Alex Shaw is a Philadelphia-based percussionist, composer, sound artist, cultural producer, and arts educator working in these intersecting fields for over twenty years. Intercultural, interdisciplinary collaborations and compositions merging diverse percussion traditions, vocal textures, field recordings, and digital imagination encompass his current artistic focus. He was director of Brazilian band Alô Brasil (2001-2020) and member of Spoken Hand Percussion Orchestra (2002-2016). Alex has been commissioned to compose original music and sound design for film, theater and dance productions, as well as media installations, and has curated and produced dozens of performances and cultural programs, including Revivals of Blackness (2021) and Modupúe | Ibaye: The Philadelphia Yoruba Performance Project (2017-2019). Alex is the former Artistic Director for Intercultural Journeys (2014-2020) and a lead teaching artist for Young Audiences | Arts for Learning. Passionate about the transformative power of arts education, he has facilitated workshops, arts residencies, and professional development training for over two decades. Alex is a recipient of the 2024 Philadelphia’s Cultural Treasures Fellowship. He has taught at Swarthmore College, Temple University, and University of the Arts. Alex holds a BA from Swarthmore College and an MFA in World Percussion from the California Institute of the Arts.

As a whole, the Programming Committee brings a rich mix of lived experiences and creative perspectives that help shape the artistic direction of the Bride.
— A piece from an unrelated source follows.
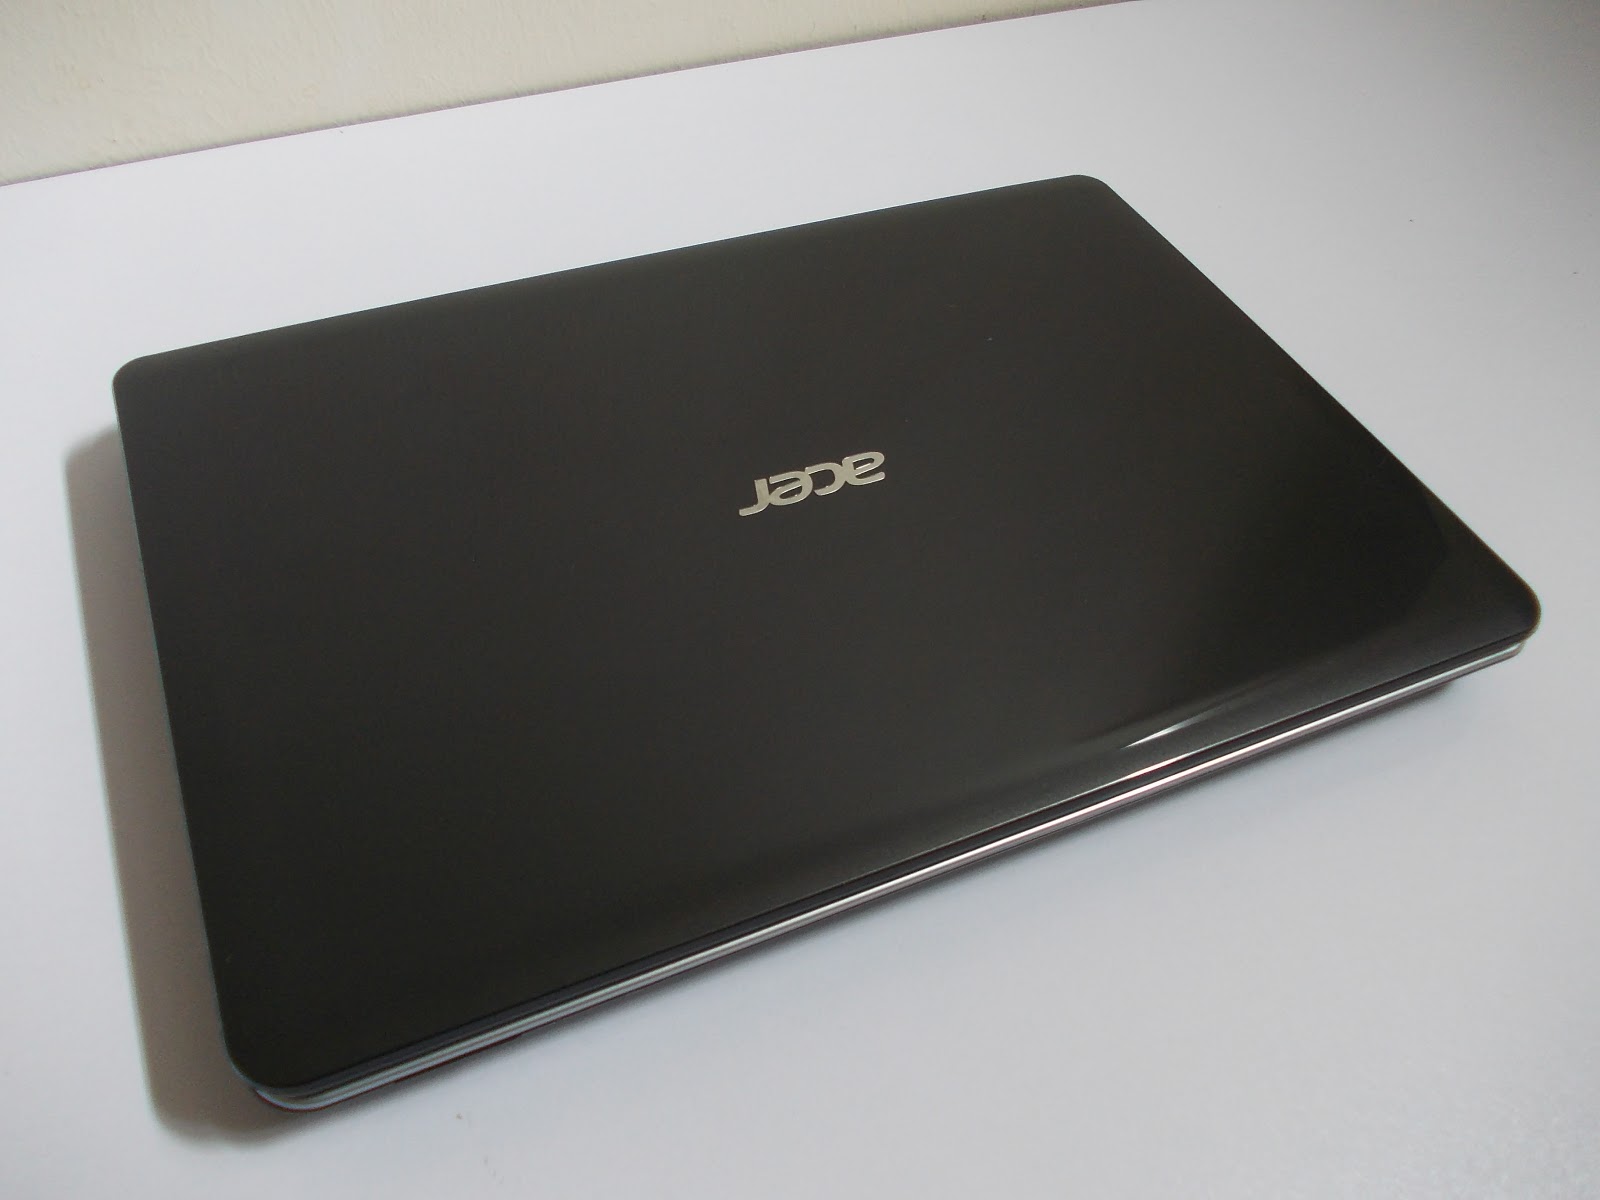 Three A Tech Computer Sales and Services: Used Laptop Acer Aspire E1
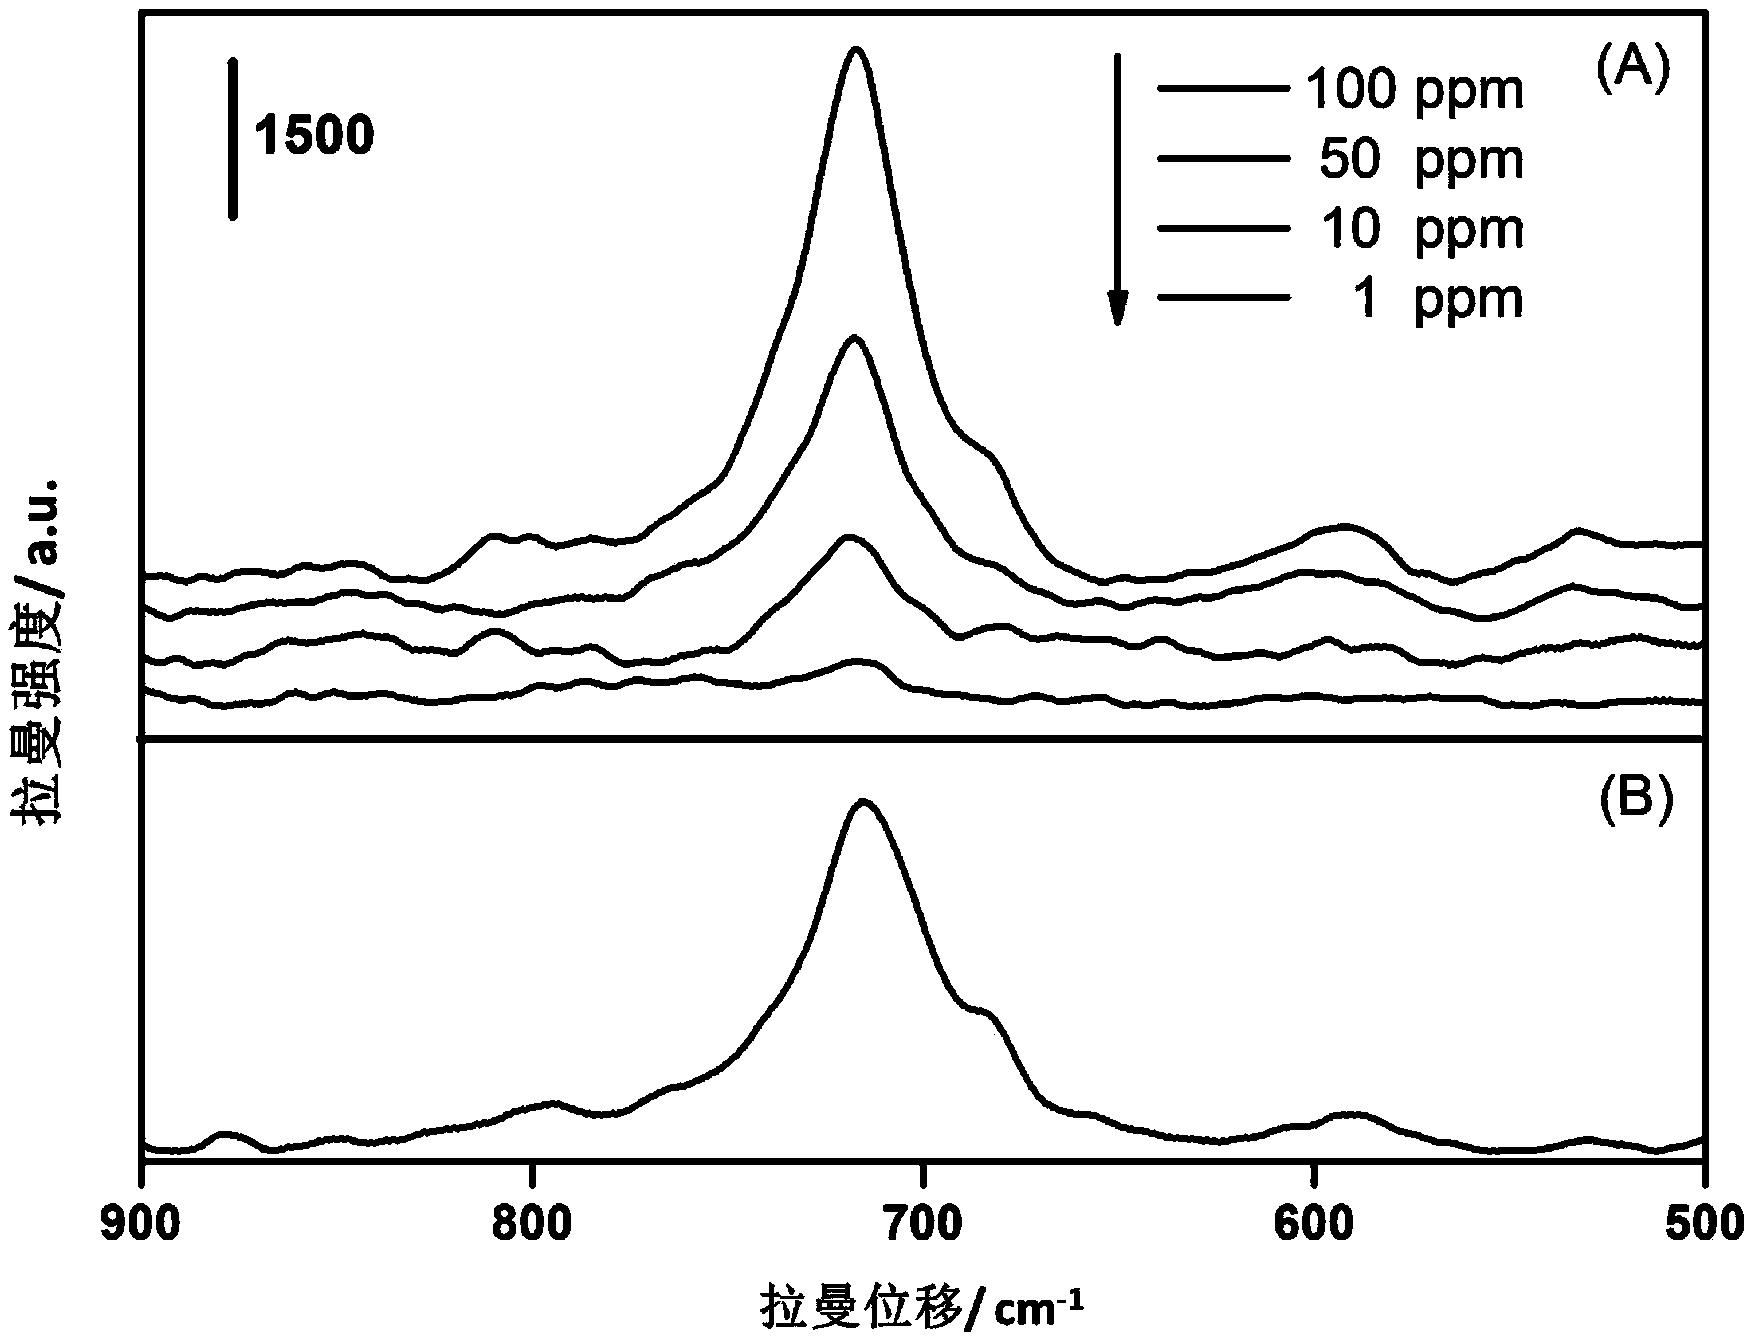 Method for detecting tripolycyanamide in milk based on surface-enhanced Raman activity chip

This diversity ensures that our programming:

  • Resonates with a wide audience
  • Reflects multifaceted cultural narratives
  • Centers relevance, access, and imagination

How We Work
The committee meets weekly to:

  • Exchange ideas
  • Shape programming strategy
  • Refine internal processes

This regular rhythm allows us to remain agile and responsive—developing programming that evolves with our community’s needs. Every project is co-created with intention and carried out with integrity and care.